The operation, however, will not be successful, as the pilot will be unable to drill through a layer of copper sheathing on the enemy hull. But the bold attempt will go down in history as one of America’s great Naval milestones.

Bushnell’s Turtle is not the first functional submarine in history (Dutch inventor Cornelius Drebbel’s “underwater boat” successfully navigated a portion of England’s Thames River in 1623). But the Turtle is the first–ever submarine to be used as an attack platform in combat.

Sept. 8, 1781:  Continental Army forces under the command of Maj. Gen. Nathaniel Greene clash with British forces under Lt. Col. Alexander Stewart in the Battle of Eutaw Springs (S.C.).

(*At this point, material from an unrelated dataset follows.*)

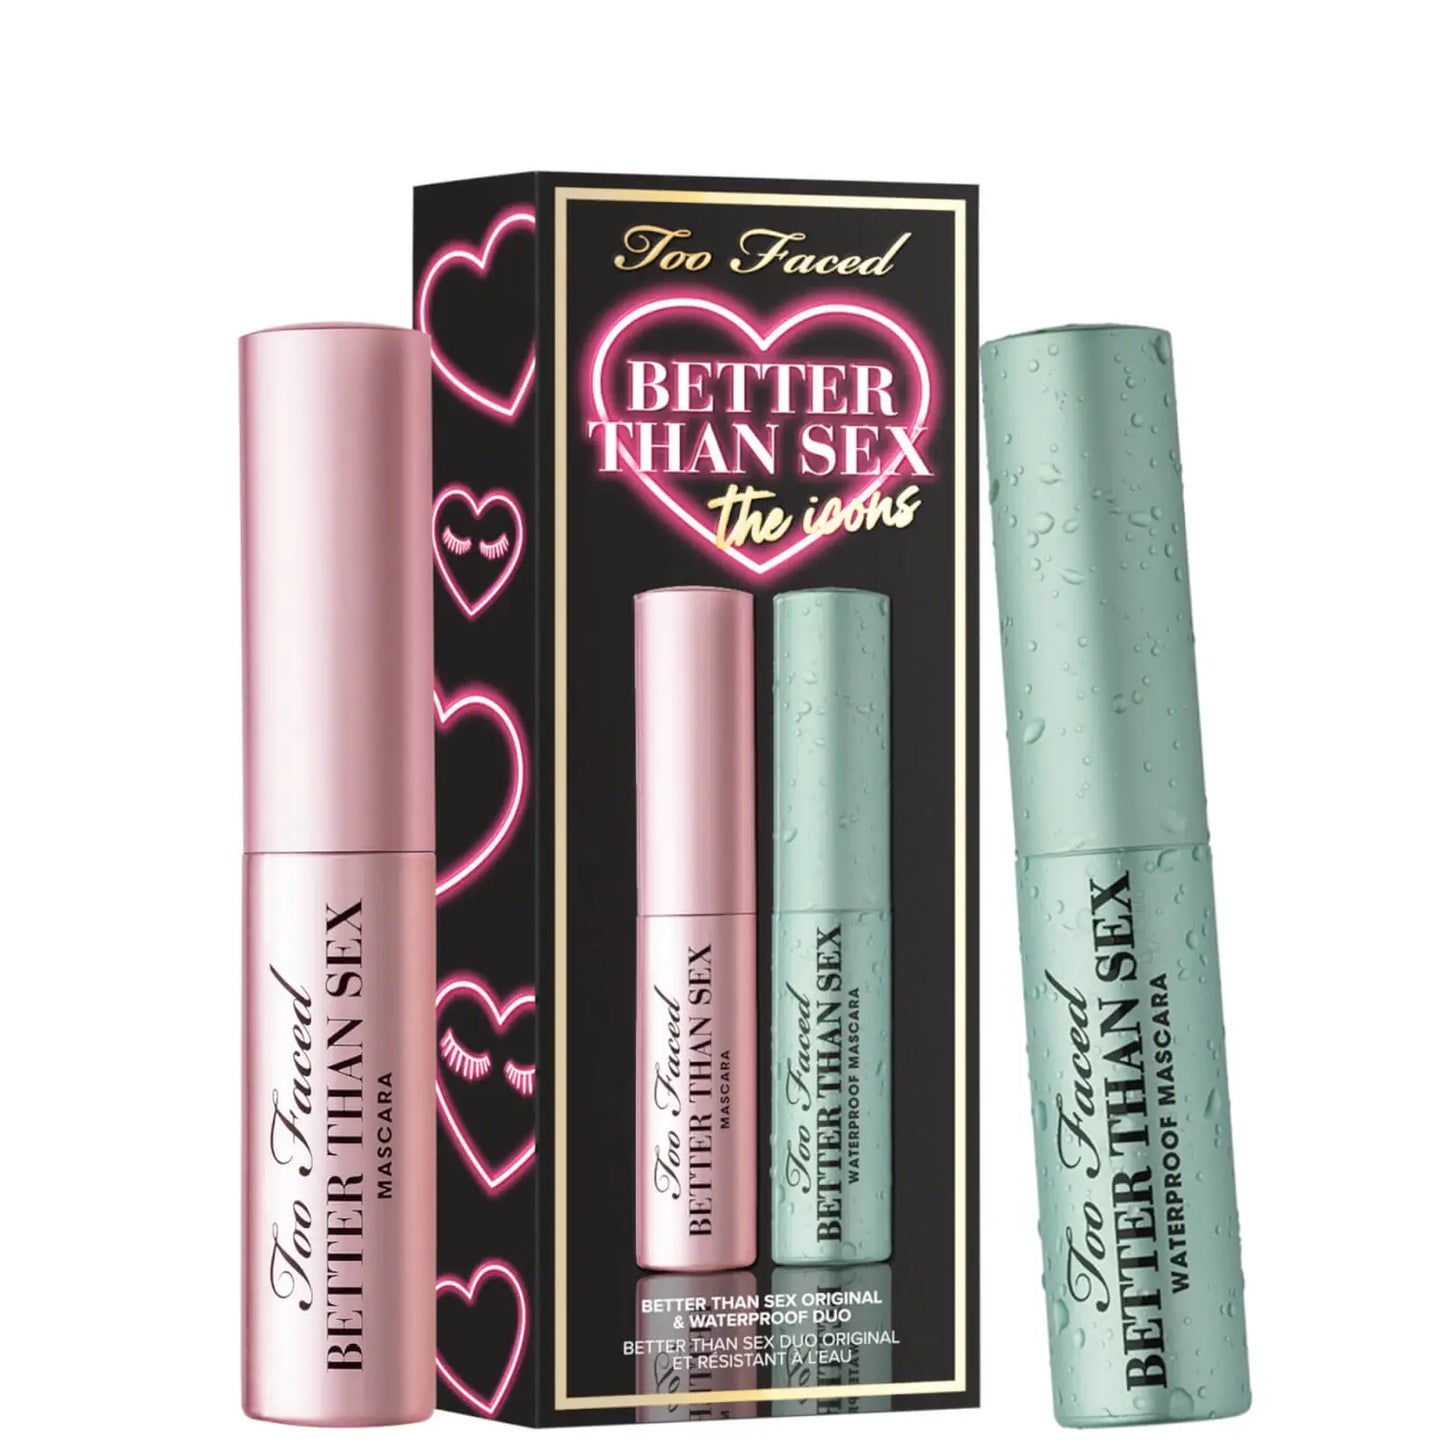 Too Faced - Better Than Sex The Icons Kit

Which of the two armies will actually gain the tactical advantage will be debated into the 21st century. But it will in fact prove to be a strategic victory for the Continentals as the British – bloodied, though not quite as severely as the Continentals – will be forced to abandon much of their previously gained ground in the South.

Sept. 9, 1776:  The United Colonies are renamed the United States.

Sept. 9, 1943:  American and British forces begin hitting the beaches at Salerno, Italy in Operation Avalanche.

One U.S. sailor describing the landings will say: “German planes would come out of the sun and strafe the beaches … The German pilots [were] almost at eye level as they went up the beaches. If you were caught in the open, all you could do was to fall on your face and pray. There was no cover.”